Pero, poco a poco, simplemente, dejamos de mirar así. El mundo ha cambiado radicalmente, y con él nuestra mirada, las nubes, los depredadores. Hoy reconocer las siluetas de los drones asesinos entre aquellos que no lo son puede marcar la diferencia entre la vida y la muerte. Reconocer las distintas tipologías de los vehículos aéreos militares no tripulados (drones de vigilancia y de guerra) puede ser un acto personal de resistencia subversiva, pero también puede ser considerado como una necesaria actualización al contexto ambiental y al estrato epistémico contemporáneo. Hoy, reconocer una nube tóxica o una elevada concentración de gas o –incluso– saber dónde se encuentran los puertos de entrada de los cables de fibra óptica submarina, puede marcar la diferencia. La interpretación de las imágenes que hablan de nuestra realidad nos exige una profunda actualización ante los complejos tiempos que nos ha tocado vivir. Nos empuja a realizar un update del imaginario instituido que reconozca nuestra fragilidad ante las multicrisis ecosistémicas que se precipitan sobre todos los órdenes de la vida. 
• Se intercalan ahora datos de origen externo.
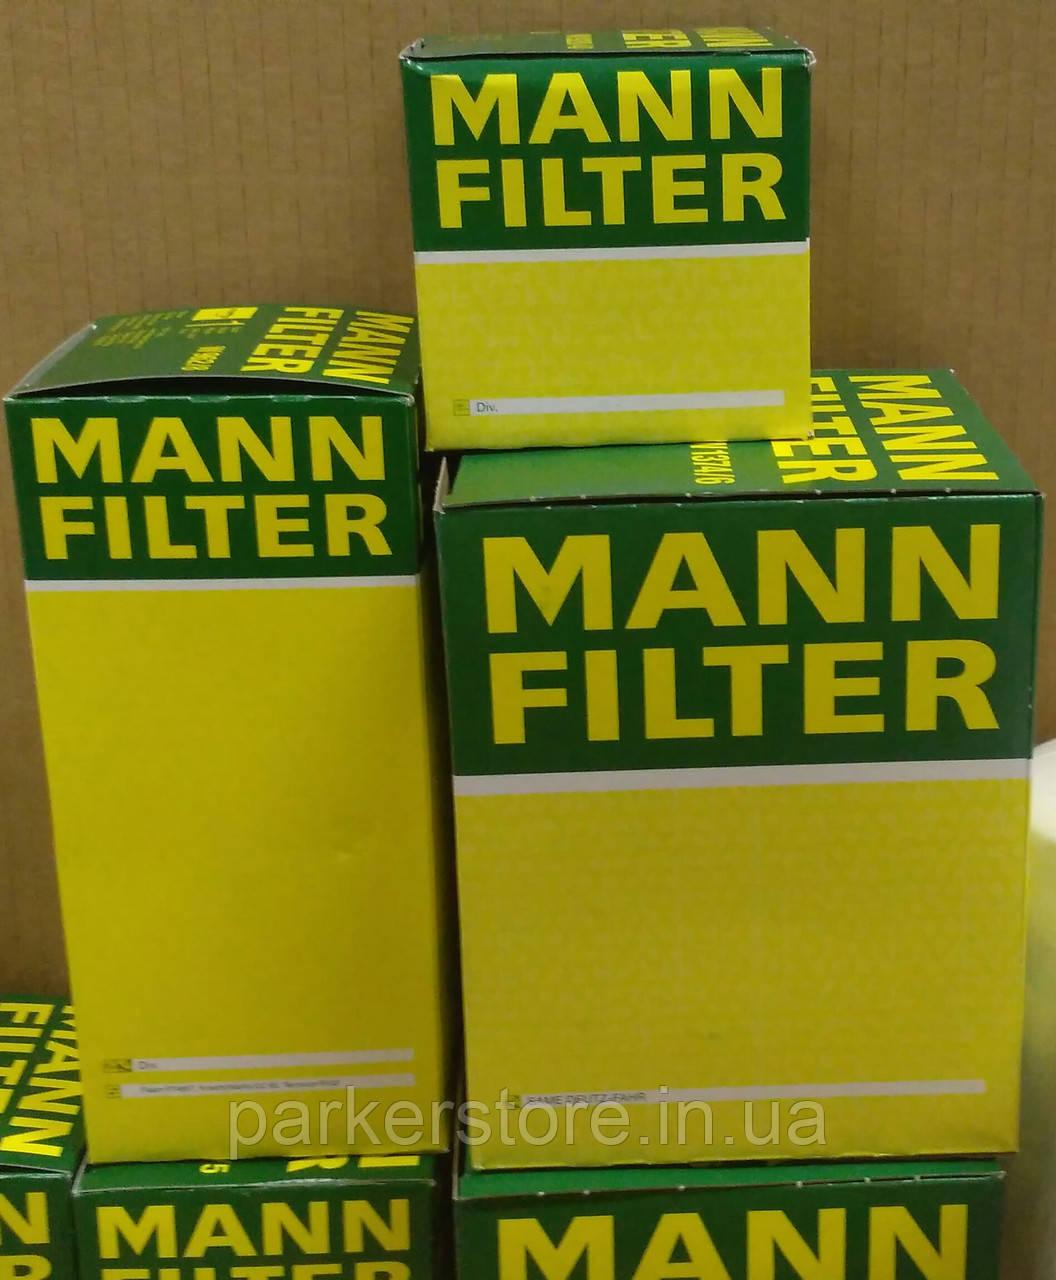 MANN FILTER / Воздушный фильтр / C 2714 / C2714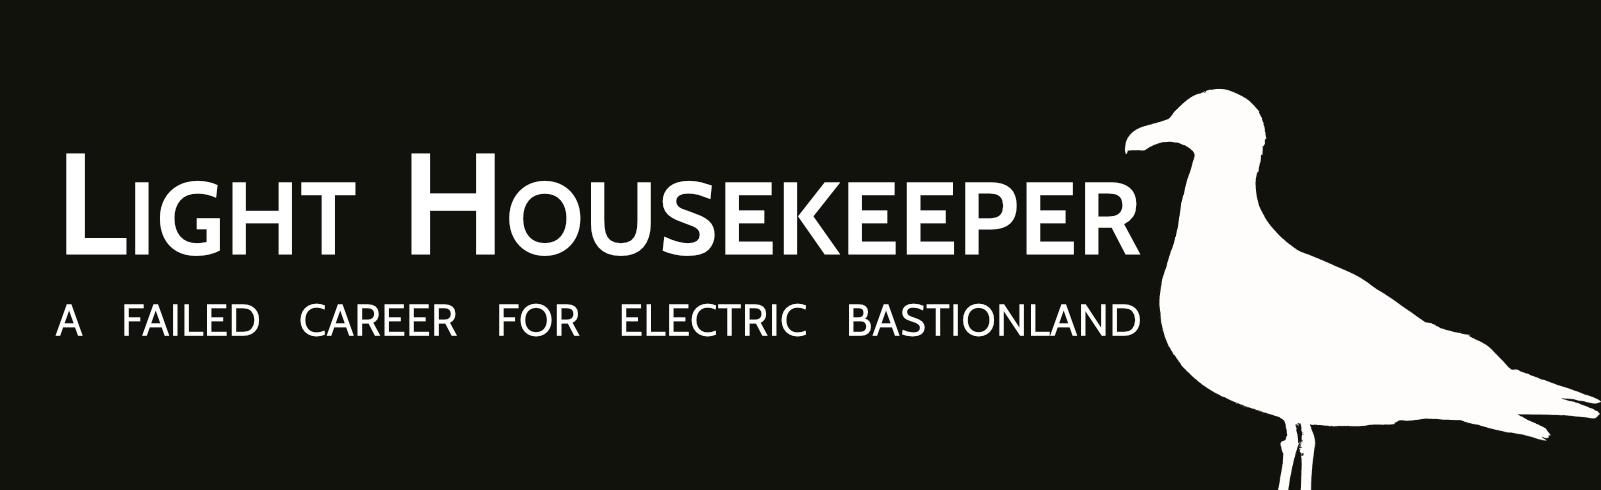 Light Housekeeper - A Failed Career

Asumir de entrada, en este texto, que existen nubosidades en los actuales imaginarios (instituidos, pero también instituyentes) es insinuar cierta indeterminación en los escenarios, los marcos y las redes simbólicas que compartimos, y que son copartícipes de los procesos cognitivos sin los cuales una sociedad no podría sobrevivir. Por eso, poder mirar y pensar, pero también poder imaginar una nube, es una manera de enmarcar las dificultades que tenemos los humanos para encarar nuestra existencia y reconocer nuestra profunda desconexión con el entorno, entendido éste como una suerte de mente extendida y colectiva, copartícipe de la propia existencia en términos materiales y simbólicos (Larrañaga, 2023). Dicho de otro modo, lo que sabemos de algo (una nube) determina materialmente lo que ese algo es, o termina siendo, a tenor de los efectos antropogénicos que podemos reconocer sobre el planeta Tierra. Como sostiene Gregory Bateson, y explica el también antropólogo Tim Ingold, «tanto mente como ecología están situadas en las relaciones entre el cerebro y el medio ambiente circundante» (2000, pp. 17-18). No podemos escapar del ciclo de reciprocidades simbióticas, entre idea y materia, entre mente y entorno. Las nubosidades –así consideradas– están suspendidas sobre nuestras cabezas tanto como sobre nuestras experiencias. Están suspendidas también sobre toda posibilidad de surgimiento de otra imaginación emancipadora, capaz de recomponer la relación que establecemos con la vida, capaz de proponer otro nosotros/as.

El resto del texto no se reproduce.